Она все еще так далека от того, чтобы объединить разные стороны меня. Для нее я по-прежнему два человека: один, который причинит ей боль, другой, который этого не сделает. Она не понимает, что это не имеет значения. Обе мои стороны хотят одного и того же.

Её.

И я сделаю все, что угодно.

Наклоняясь, я убираю ее мокрые волосы за ухо.

— Когда-нибудь ты поймешь, что ошибалась.

Но не сегодня.

Все еще не хватает деталей. Мне нужно кое-что выяснить из той ночи в лесу. Поэтому вместо того, чтобы предложить ей ясность, в которой она так отчаянно нуждается, я провожу большим пальцем по перевернутому кресту на ее запястье и оставляю это определять нас, когда она не может.

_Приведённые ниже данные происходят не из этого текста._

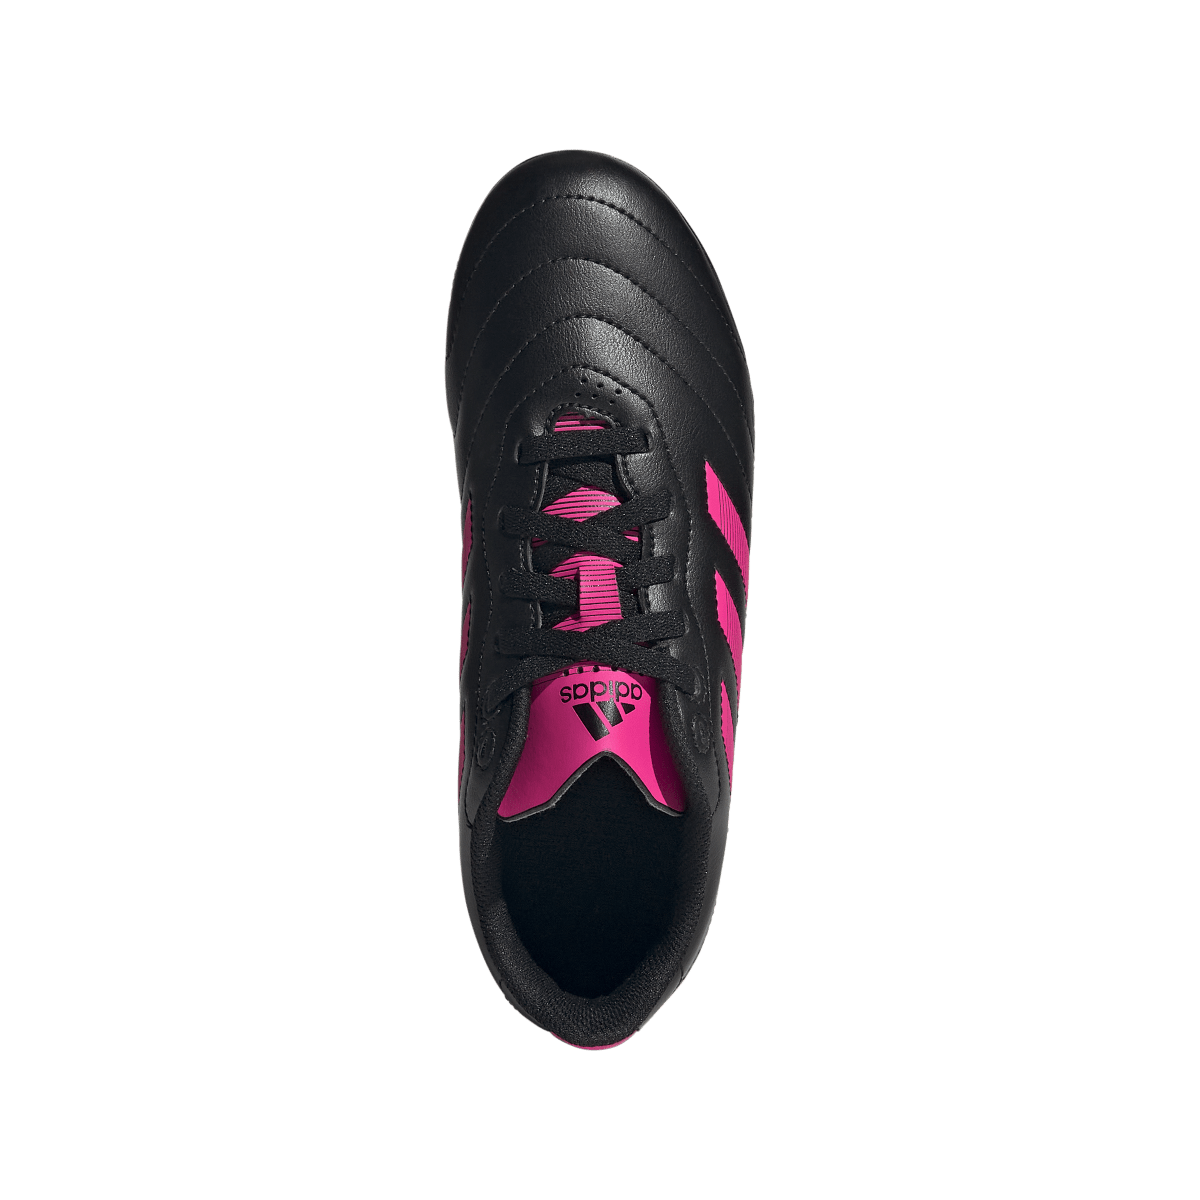 ADIDAS Goletto Soccer Shoes BLACK & HOT PINK Boys Girls Size 2 ❤️sj7m68

— Это ведь исчезнет, правда? — Она смотрит на отметину.

— Так и будет. — Я снова провожу по ней рукой. — Но это никогда не пройдет полностью.

Я позаботился об этом.

— Сюда. — Я протягиваю руку, останавливаясь предплечьем возле ее рта.

— Что? — Она вздергивает брови.

— Укуси.

— Зачем?

— Я пометил тебя. Ты можешь пометить меня. Это справедливо. Не говоря уже о том, что мой член подпрыгивает при этой мысли.

Она расправляет плечи.

— С каких это пор тебя волнует, что справедливо?

— Кусай, Вайолет. — Я прижимаюсь рукой к ее идеальным розовым губам, когда они приоткрываются на выдохе. — Сильно.